So We Live: The Novels of Alexander Baron, Five Leaves: ‘A resurrection from years of neglect’

Baron was an atheist Jew, a former communist and an ex-soldier.
Photograph: Nick Baron

A century ago, Britain was embarking on an era that would shape politics for decades to come; by the 1930s, the agonistic clash between leftwing internationalist progressives and xenophobic fascists was playing itself out in concentrated form in the eastern reaches of London.

It was in this social and political cauldron that the young Alexander Baron – then Alec Bernstein – was learning about politics on the street.

A stint in the communist party, followed hard on by WWII fighting in Sicily and Normandy, left him asking for a typewriter on demob.

Over the next 30 years, Baron wrote 15 novels that reworked the experiences of communism, war and Jewishness.

Best known for From the City, From the Plough (1948) and The Lowlife (1963), which document from different angles the mid-century working-class experience, Baron was an important figure in post-war British fiction.

So We Live aims to resurrect the novelist from the years of neglect that followed his early success.

Inspired by the centenary of Baron’s birth in 1917, and timed to coincide with the posthumous publication of his final work The War Baby, this collection of essay assesses the writer from a variety of angles.

With a strong focus on the local context, from Stoke Newington to the Dalston borders, where Baron spent his formative years, the contributors find both parallels and contrasts with contemporary experience.

“A city should be accumulated memory” is one of Barons’ classic lines.

Hackney’s evolving ethnic mix, class gradations and political extremes will be familiar to the modern reader.

As an atheist Jew, a former communist and an ex-soldier, the writer held much of his subject matter at a certain distance yet retained intense psychological engagement with it.
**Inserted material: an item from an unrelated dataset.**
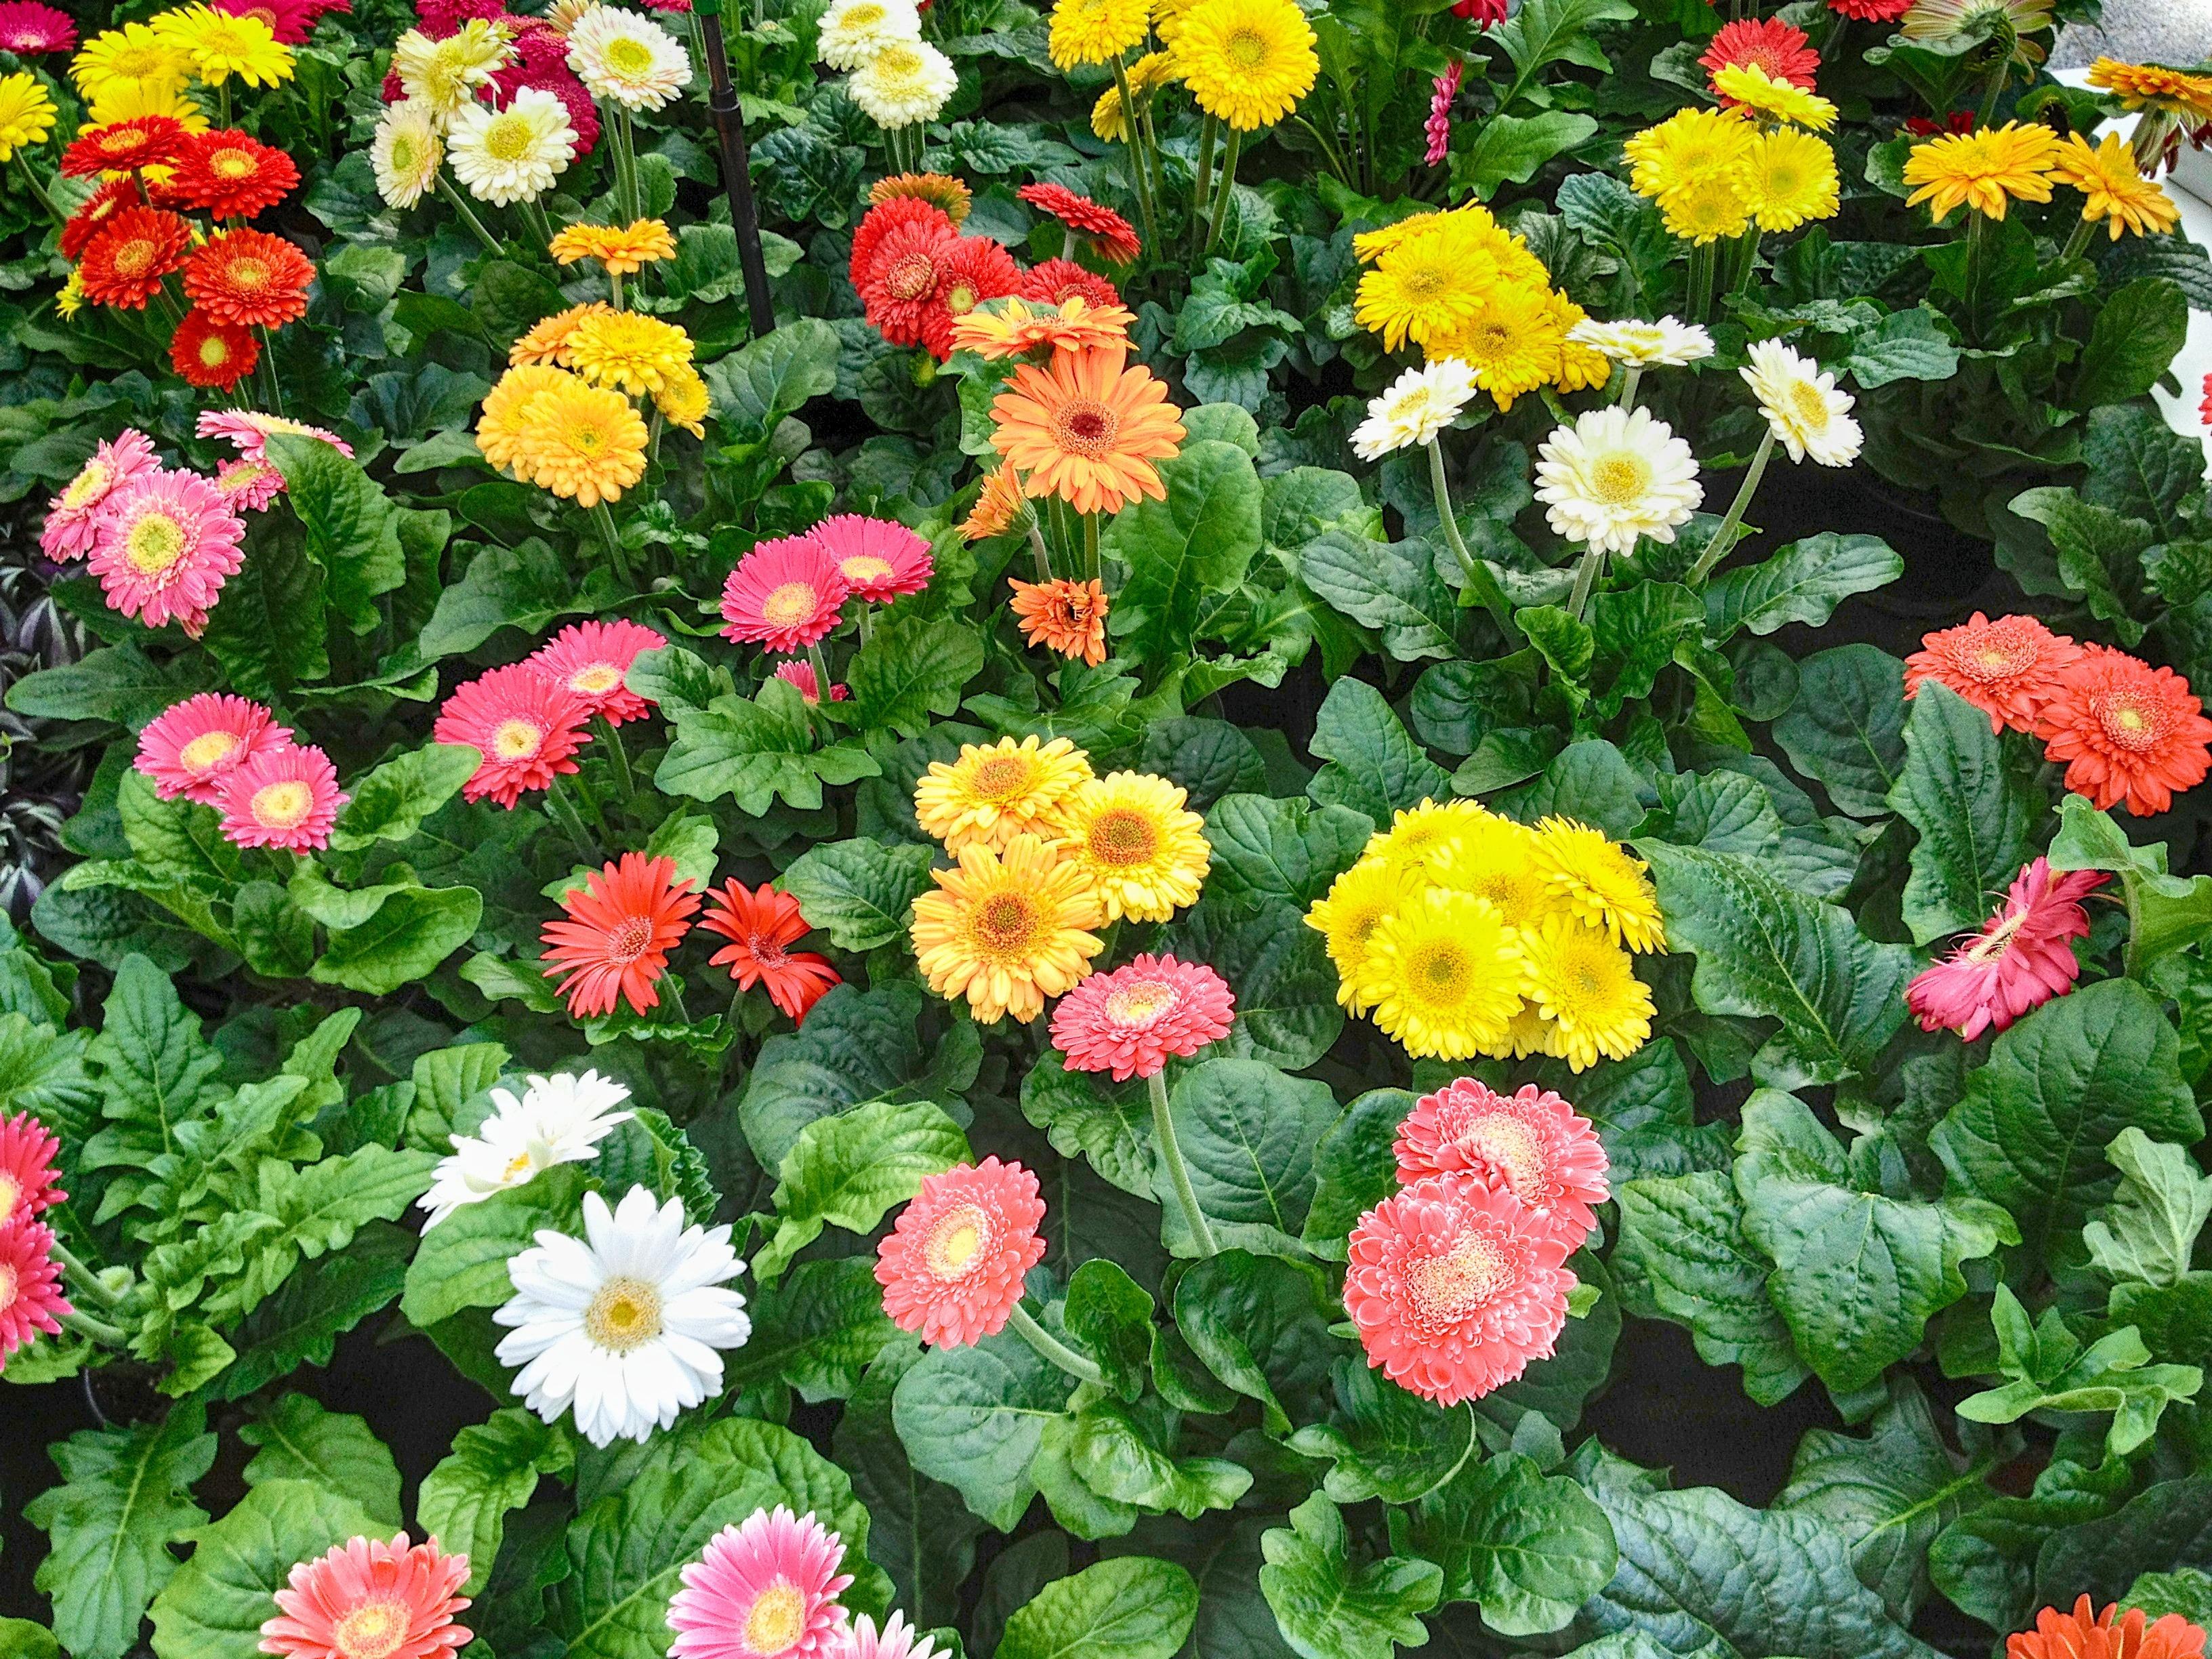 Free Images Nature Flower Summer Spring Macro Garden Plants

Humanism is an enduring theme, from his portrayal of women in war-time Italy to loafers and gangsters in London’s East End, Baron’s work embodied his view that “the salvation we earn is not in the form of an after-life but in the future of all humanity”, and the search in his novels for future direction is as salient today as it was half a century ago when they were being written.

So We Live: The Novels of Alexander Baron, edited by Susie Thomas, Andrew Whitehead and Ken Worpole, is published by Five Leaves, 2019. ISBN: 978-1-910170-61-8; RRP: £12.99.